PyTorch Profiling via Asynchronous Server¶

Note

This method is part of end-to-end profiling and does not need to be performed separately if end-to-end profiling has already been completed.

To profile a vLLM server using PyTorch tracing tools, use one of the following procedures.

While you can collect hardware traces, we do not recommend doing so during profiling via asynchronous server because it significantly increases the trace file size. For hardware-level profiling, see this document.

Server Profiling with a Single Request¶

Disable hardware tracing to reduce the trace size. Skip this step if you want to collect the hardware traces.
```
hl-prof-config --use-template profile_api --hw-trace off
```
Set the output directory.
```
export VLLM_TORCH_PROFILER_DIR=/tmp
```

Start the vLLM server. The following example uses the facebook/opt-125m model, TP=1, and the maximum batch size 128.

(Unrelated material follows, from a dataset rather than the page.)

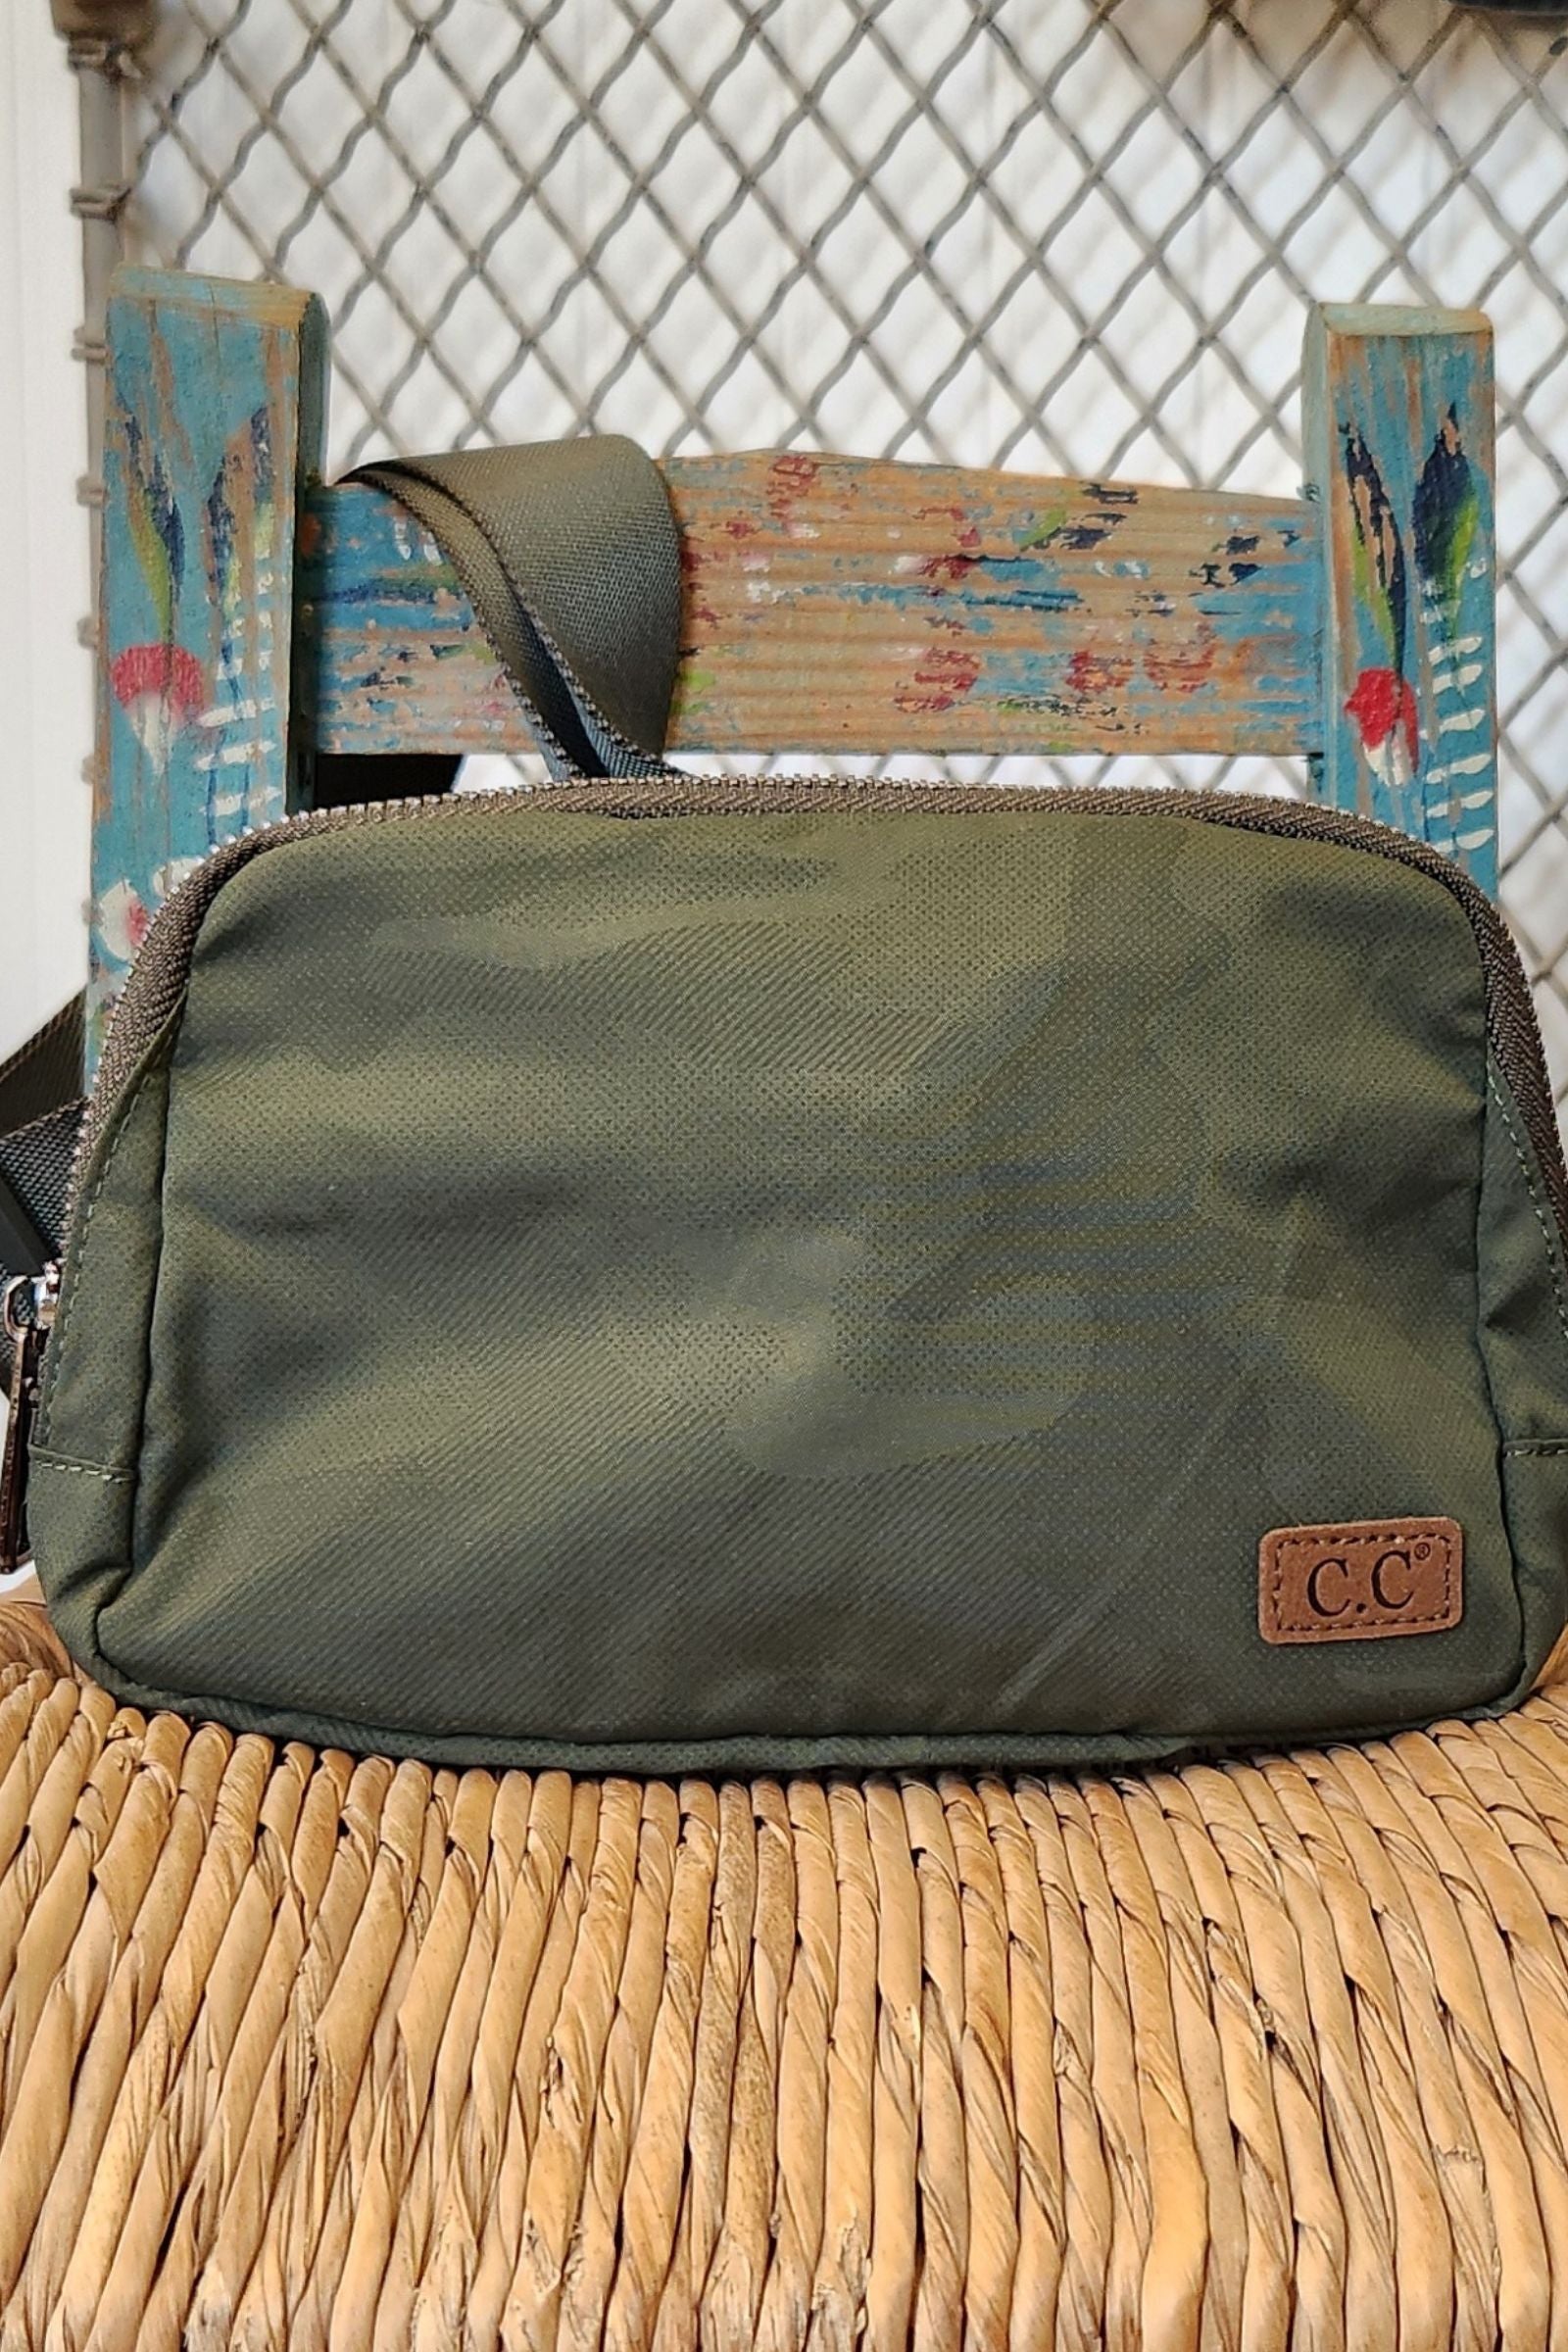 CC Olive Camo Fanny Pack

VLLM_PROMPT_SEQ_BUCKET_MAX=128 VLLM_PROMPT_SEQ_BUCKET_MIN=128 \
python3 -m vllm.entrypoints.openai.api_server --port 8080 \
    --model "facebook/opt-125m" --tensor-parallel-size 1 \
    --max-num-seqs 128 --dtype bfloat16 \
    --max-model-len 256

Wait until the warm-up is completed and start profiling.
```
curl -X POST http://localhost:8080/start_profile
```

Send requests for profiling.

curl http://localhost:8080/v1/completions \
    -H "Content-Type: application/json" \
    -d '{
    "model": "facebook/opt-125m",
    "prompt": "San Francisco is a",
    "max_tokens": 7,
    "temperature": 0
}'

Stop profiling.

curl -X POST http://localhost:8080/stop_profile

Server Profiling with Multiple Requests¶

Disable hardware tracing to reduce the trace size. Skip this step if you want to collect the hardware traces.
```
hl-prof-config --use-template profile_api --hw-trace off
```
Set the output directory.
```
export VLLM_TORCH_PROFILER_DIR=/tmp
```

Start the vLLM server. The following example uses the facebook/opt-125m model, TP=1, and the maximum batch size 128.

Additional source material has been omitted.